Weninger - Kékfrankos 2013Das ist und bleibt der Preis-Leistungs-Hammer schlechthin, unter den ungarischen Blaufränkisch. Vom Weninger Franz. Vom Neusiedler-See. Bio. Wirklich gut. Für den Preis mit viel Eigen- und Widerständigkeit. Der hält sich und hält sich und hält sich über Tage mit seiner maskulinen, stahlig-sehnigen Art und gibt nicht auf. Bemerkenswertes Standing – und zwingend nahgefolgt von Ovations. Wohl gemerkt: es geht hier um Leistung und Preis. Nicht falsch verstanden soll das werden als Überbewertung. Aber das hier hat seit Jahren für 7-8 EUR die Flasche bemerkenswert viel Substanz.

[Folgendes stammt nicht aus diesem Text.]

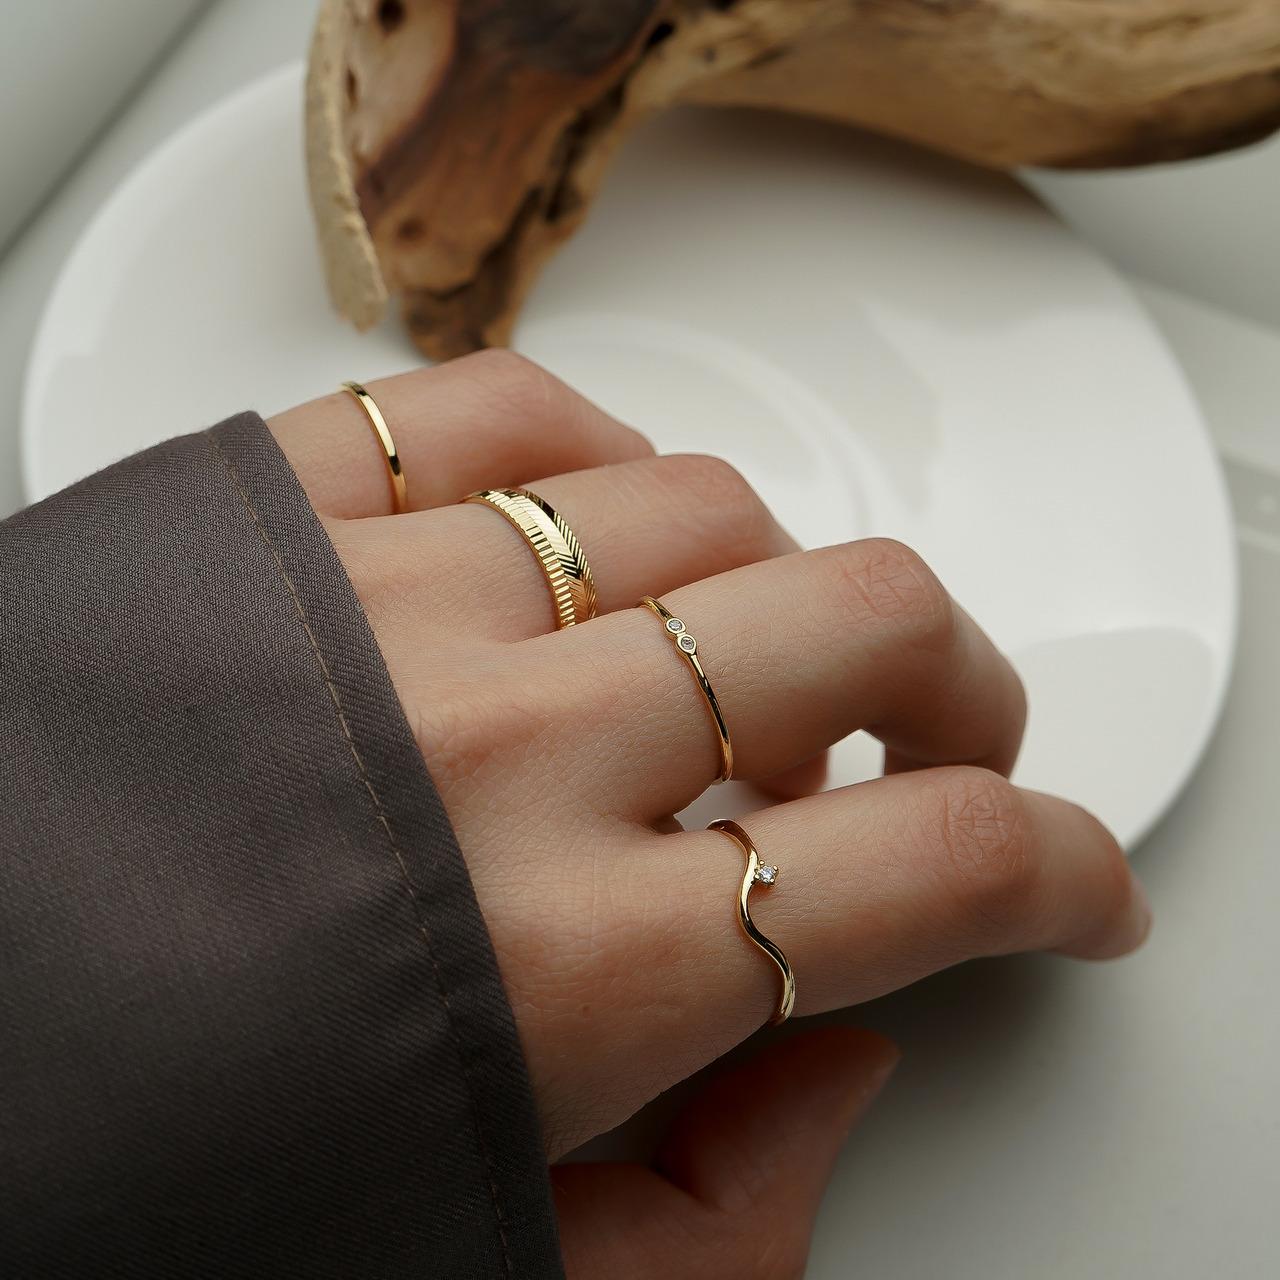 Nhẫn nữ mảnh đơn giản theo bộ

Holunder, Hagebutte, Graphitstaub in der Nase, dunkle, leicht angetrocknete Marmeladen-Frucht. Eher der karge, kühle, dunkle Typ am Gaumen. Das macht ihn seit längerem aus. Nicht dieses sich billig anbiedernde Frucht-Gedöns. auch am Gaumen. Auf Stahl zerronnene dunkle, fast schwarze Frucht aus zerkochten Waldbeeren. Stahlig auch die Säuren, nicht zu stark entwickelte Stränge, eher Fäden und begleitend als sich nach vorne drängend. Gedämpftes Holz. Kräuter, trocken, abgehängt. Salbei, Oregano, nur in Andeutungen. Und wieder Graphit-Noten, Staub, Späne, auf trockenem, gedämpftem Holz. Nicht breit, nicht fest, nicht tief und doch mit Ausdruck und Substanz. Mittel im Abgang.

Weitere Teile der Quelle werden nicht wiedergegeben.